Die kosmische Hintergrundstrahlung ist eine Wärmestrahlung, deren Eigenschaften direkt durch ihre Temperatur bestimmt werden – wir kennen ähnliches aus dem Alltag: Eine warme Heizung sendet vornehmlich Infrarotstrahlung aus, die wir nicht sehen, aber beispielsweise auf der Haut spüren können. Eine sehr heiße Herdplatte glüht: Sie sendet sichtbares Licht rötlicher Farbe aus. Für noch heißere Objekte kennen wir den Begriff der Weißglut, und auch die rund 5500 Grad Celsius heißen Regionen der Sonnenoberfläche, denen wir das Tageslicht verdanken, nehmen wir gelblich-weißlich wahr.

Auch die Fluktuationen der kosmischen Hintergrundstrahlung, in denen sich die Dichtefluktuationen des frühen Kosmos bemerkbar machen, lassen sich direkt als winzige Temperaturschwankungen angeben. Hier ist die Karte solcher Schwankungen, die aus COBE-Messungen angefertigt wurde (Bild: NASA): 

Insgesamt ist die kosmische Hintergrundstrahlung während der seither vergangenen knapp 14 Milliarden Jahre stark abgekühlt. Ihre mittlere Temperatur liegt damit bei nunmehr nur rund 2,7 Grad über dem absoluten Nullpunkt. Die rötlichen und bläulichen Regionen des hier gezeigten Bildes zeigen Regionen an, in denen die Strahlung einige hunderttausendstel Grad heißer oder kälter ist.

Anfangs sah es bei diesen Messungen gar nicht gut für die kosmologischen Modelle aus: 

"Nach den Messungen der ersten sechs Monate konnten wir nur einen oberen Grenzwert für die Fluktuationen angeben – wir hatten sie bis dahin noch nicht nachgewiesen. Da haben andere Leute dann bereits die ersten Fachartikel geschrieben: ‚Problem mit dem Urknall, es können keine Galaxien entstehen‘. Dann erschienen andere Fachartikel, die sagten: Aus Beobachtungen an Galaxien gibt es Hinweis auf dunkle Materie; wenn es solche dunkle Materie gibt, dann sollten die Fluktuationen soundso groß sein[, nämlich deutlich kleiner als ohne dunkle Materie]. Am Ende haben wir solche Fluktuationen dann gefunden.
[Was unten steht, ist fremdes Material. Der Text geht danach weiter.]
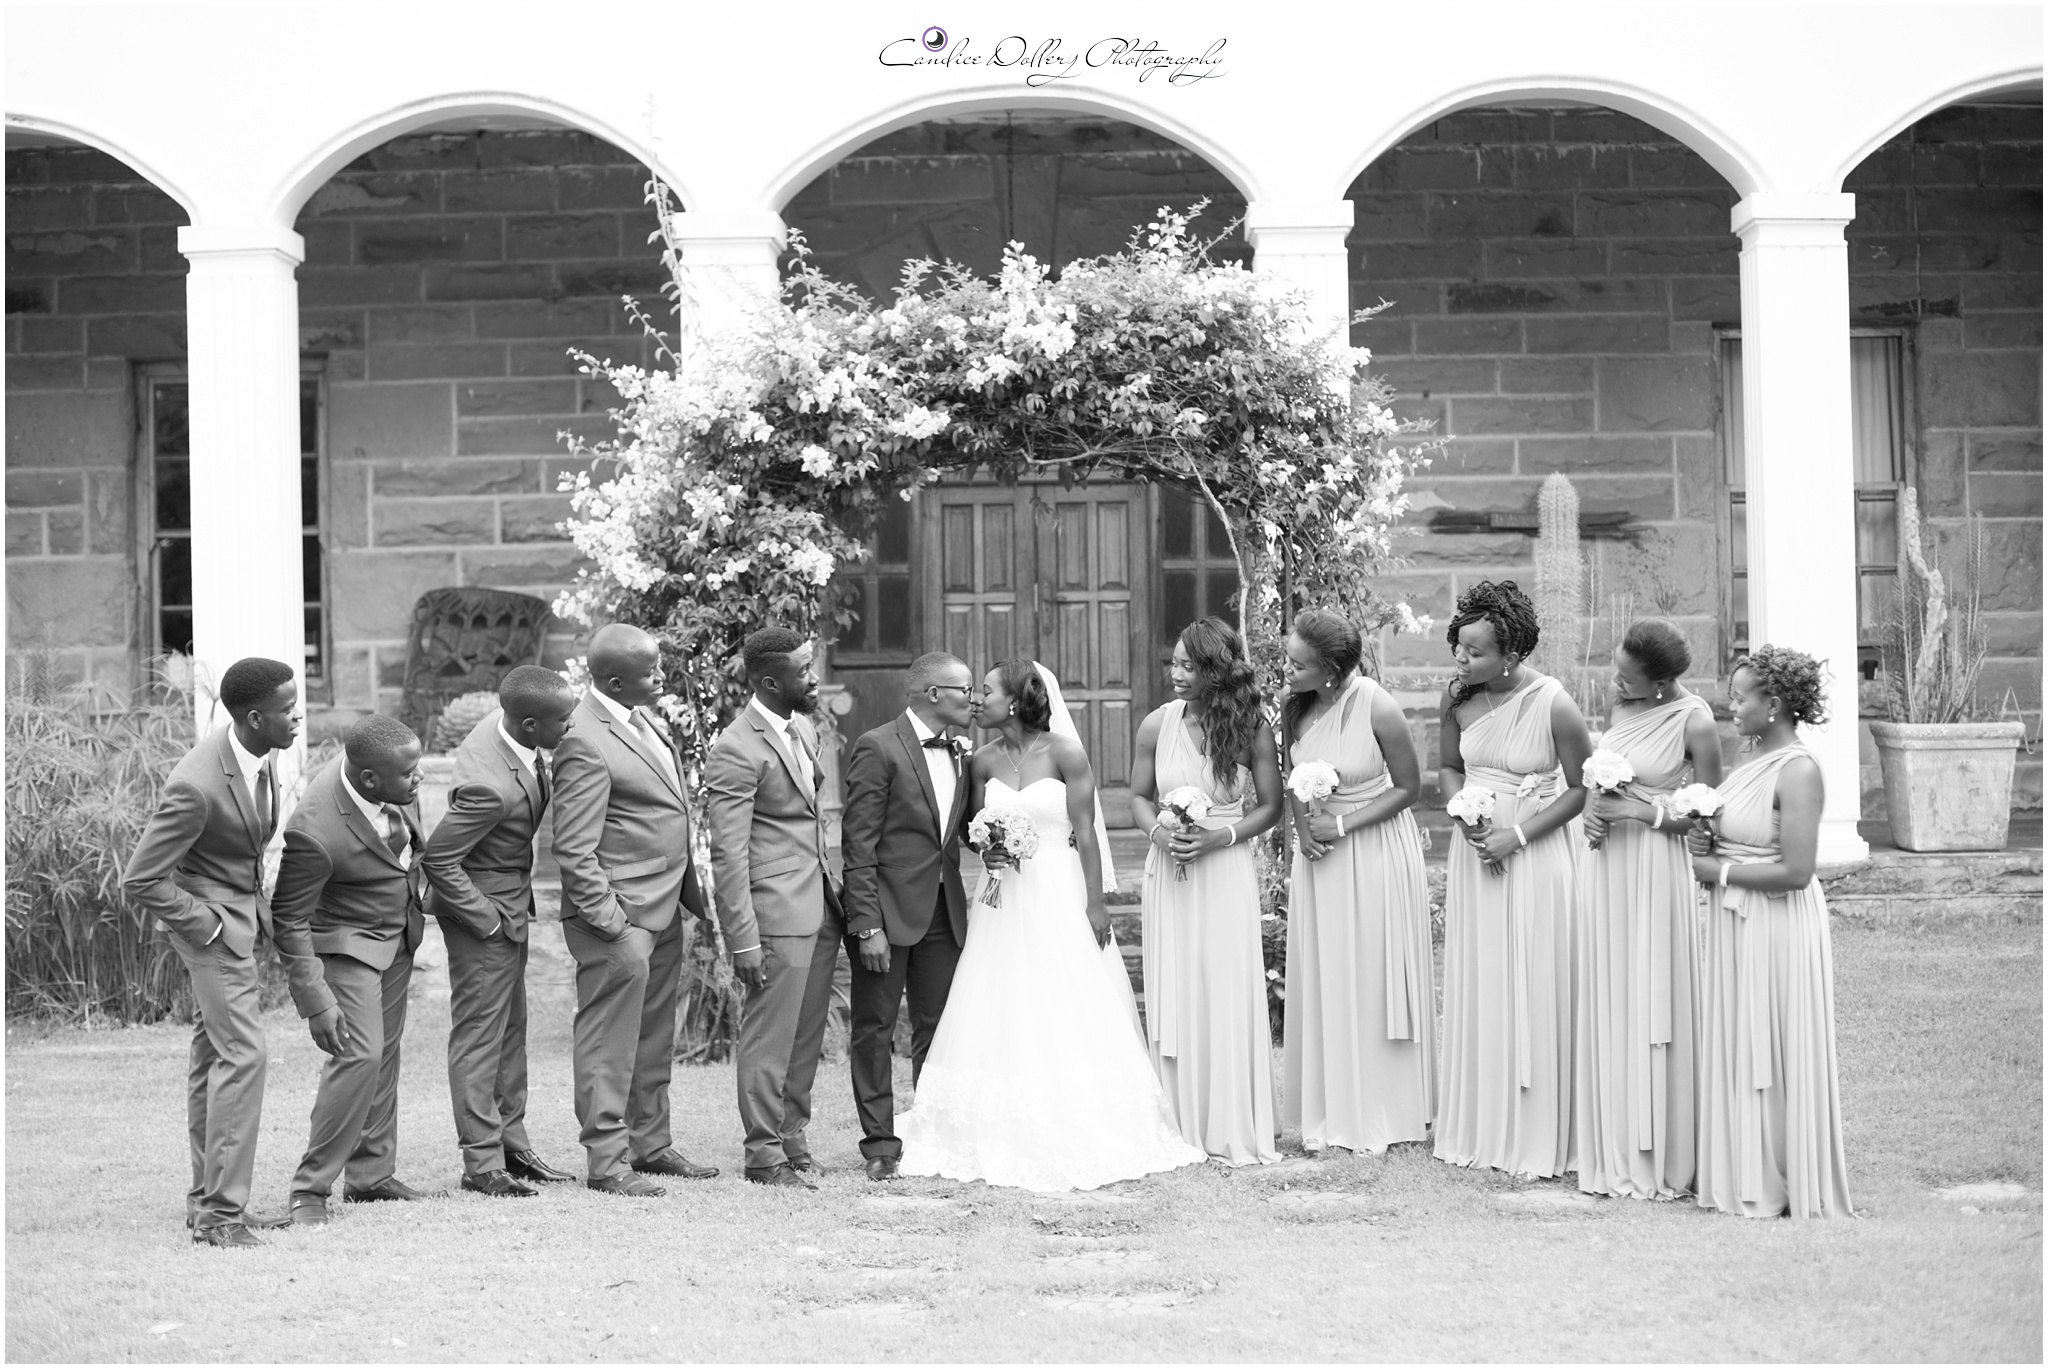 Reuben & Antoinette's Wedding - Candice Dollery Photography_7900

"[Die Fluktuationen] waren sogar etwas größer als das Minimum, das man mit dunkler Materie erwartet hätte. Wenn ich damals aufgepasst hätte, hätte ich gesehen, dass das als Hinweis auf die beschleunigte Expansion des Universums, also auf die dunkle Energie verstanden werden kann. Aber ich war so erleichtert, dass wir überhaupt Fluktuationen gesehen haben, und so darauf fixiert zu testen, ob wir vielleicht irgendwo einen Fehler in unseren Computern, unseren Programmen, unseren Messinstrumenten hätten, dass mir erst später klar geworden ist, was das hieß. Wäre ich damals schon darauf gekommen, hätte ich anschließend die Leute unterstützen können, die nach dunkler Energie suchten."

Die dunkle Energie wurde dann jedenfalls erst deutlich später nachgewiesen, nämlich 1998. Tja, manchmal nutzt man Chancen, manchmal verpasst man sie.
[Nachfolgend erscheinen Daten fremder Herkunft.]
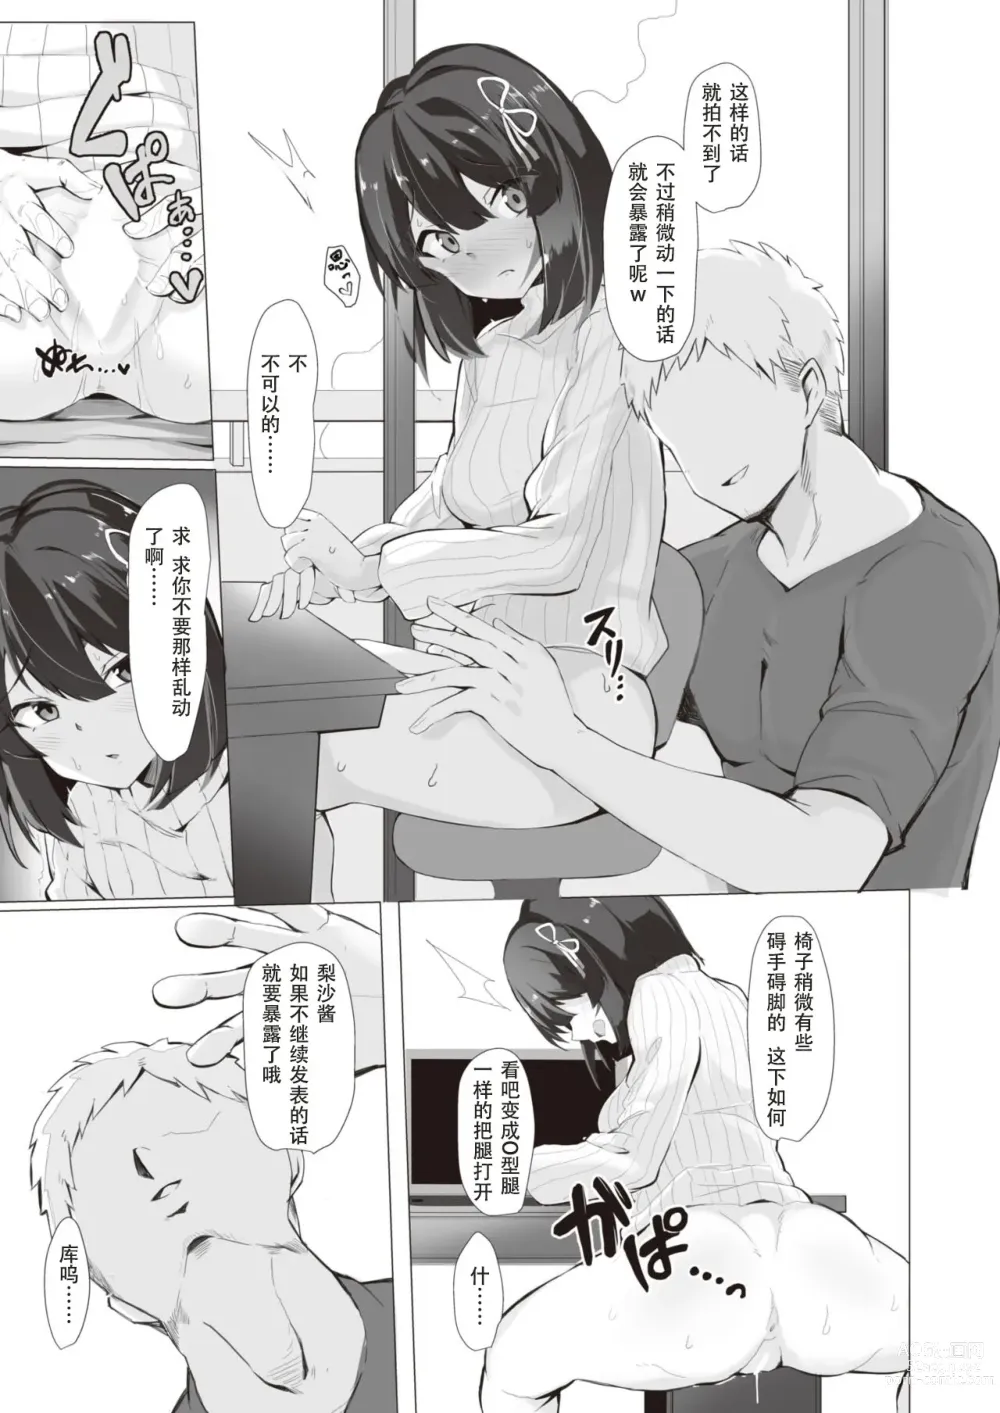 Page 7 of manga Koujimaooshi - Study or Fuck?

In Smoots weiterer Forschung spielt das Thema Inhomogenitäten nach wie vor eine Rolle: Derzeit bereitet er Big BOSS vor,  ein Projekt, das die Verteilung der herkömmlichen leuchtenden ("baryonischen") Materie im Universum genau vermessen soll. In der Astronomie gilt ja: Jeder Blick in die Tiefen des Alls ist ein Blick in die Vergangenheit, schlicht weil das Licht ferner Objekte immer eine Weile braucht, um uns zu erreichen. Die Sonne sehen wir nie so, wie sie jetzt ist, sondern immer nur so, wie sie vor 8 Minuten war. Big BOSS soll die Struktur des Universums bis in Entfernungen erkunden, in denen man schon wieder fast bis zur Urknall-Phase in die Vergangenheit zurückschaut. So lässt sich verfolgen, wie es den Fluktuationen der Hintergrundstrahlung im Laufe von knapp 14 Milliarden Jahren ergangen ist. Die gesammelten Daten geben Aufschluss über all das, was den modernen Kosmologen so interessiert: Geometrie, Materie- und Energieinhalt des Universums, und insbesondere der Anteil an den nach wie vor rätselhaften Grundbausteinen des Alls: dunkler Materie und dunkler Energie. Außerdem können wir dann noch besser verstehen, warum wir hier in einem inhomogenen Weltall sitzen – in diesem Falle in einem inhomogenen, aber ja gerade deswegen besonders reizvollen Lindau.